Recorded data:
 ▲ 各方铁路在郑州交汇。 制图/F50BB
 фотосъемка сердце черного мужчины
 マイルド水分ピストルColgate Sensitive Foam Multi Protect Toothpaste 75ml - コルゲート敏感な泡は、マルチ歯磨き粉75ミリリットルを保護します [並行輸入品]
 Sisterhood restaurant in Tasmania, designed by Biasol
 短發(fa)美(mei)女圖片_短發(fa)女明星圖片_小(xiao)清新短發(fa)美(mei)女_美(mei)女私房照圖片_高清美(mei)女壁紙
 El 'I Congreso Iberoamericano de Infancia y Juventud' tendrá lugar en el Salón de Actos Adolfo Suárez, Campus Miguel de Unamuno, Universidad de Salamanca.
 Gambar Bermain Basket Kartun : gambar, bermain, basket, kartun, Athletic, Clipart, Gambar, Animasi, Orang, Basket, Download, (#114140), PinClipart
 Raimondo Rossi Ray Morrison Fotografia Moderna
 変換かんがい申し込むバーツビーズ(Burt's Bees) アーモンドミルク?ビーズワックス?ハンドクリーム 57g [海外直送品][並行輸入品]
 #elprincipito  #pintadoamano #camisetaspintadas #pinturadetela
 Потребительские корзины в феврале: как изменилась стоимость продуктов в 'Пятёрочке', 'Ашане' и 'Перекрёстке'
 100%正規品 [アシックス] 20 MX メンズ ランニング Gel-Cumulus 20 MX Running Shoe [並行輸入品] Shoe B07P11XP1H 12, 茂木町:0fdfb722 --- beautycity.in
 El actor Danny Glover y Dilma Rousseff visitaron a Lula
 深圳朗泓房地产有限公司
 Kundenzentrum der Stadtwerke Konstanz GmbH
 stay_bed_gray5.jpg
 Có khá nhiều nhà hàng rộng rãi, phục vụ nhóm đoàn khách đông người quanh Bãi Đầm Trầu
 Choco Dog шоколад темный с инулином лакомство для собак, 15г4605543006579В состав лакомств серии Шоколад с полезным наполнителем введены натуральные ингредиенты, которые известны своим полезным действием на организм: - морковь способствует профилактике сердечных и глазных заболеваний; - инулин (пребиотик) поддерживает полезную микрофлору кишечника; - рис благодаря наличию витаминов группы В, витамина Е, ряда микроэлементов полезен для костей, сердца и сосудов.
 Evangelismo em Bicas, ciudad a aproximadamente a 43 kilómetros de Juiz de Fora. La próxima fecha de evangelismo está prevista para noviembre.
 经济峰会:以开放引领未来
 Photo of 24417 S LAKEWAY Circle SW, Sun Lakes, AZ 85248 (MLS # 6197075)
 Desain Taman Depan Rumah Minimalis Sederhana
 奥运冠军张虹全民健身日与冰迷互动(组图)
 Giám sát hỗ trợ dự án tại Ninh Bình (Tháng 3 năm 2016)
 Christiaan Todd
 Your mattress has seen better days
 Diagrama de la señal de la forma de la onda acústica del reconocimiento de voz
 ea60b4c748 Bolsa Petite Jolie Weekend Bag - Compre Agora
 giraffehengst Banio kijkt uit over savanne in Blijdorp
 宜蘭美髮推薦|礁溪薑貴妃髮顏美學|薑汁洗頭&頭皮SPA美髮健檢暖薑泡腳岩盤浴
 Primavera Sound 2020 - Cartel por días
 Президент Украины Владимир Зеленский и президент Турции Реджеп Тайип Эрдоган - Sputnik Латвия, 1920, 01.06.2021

What to produce: Copy every line of the data that carries the word "並行輸入品".

Task answer:
 マイルド水分ピストルColgate Sensitive Foam Multi Protect Toothpaste 75ml - コルゲート敏感な泡は、マルチ歯磨き粉75ミリリットルを保護します [並行輸入品]
 変換かんがい申し込むバーツビーズ(Burt's Bees) アーモンドミルク?ビーズワックス?ハンドクリーム 57g [海外直送品][並行輸入品]
 100%正規品 [アシックス] 20 MX メンズ ランニング Gel-Cumulus 20 MX Running Shoe [並行輸入品] Shoe B07P11XP1H 12, 茂木町:0fdfb722 --- beautycity.in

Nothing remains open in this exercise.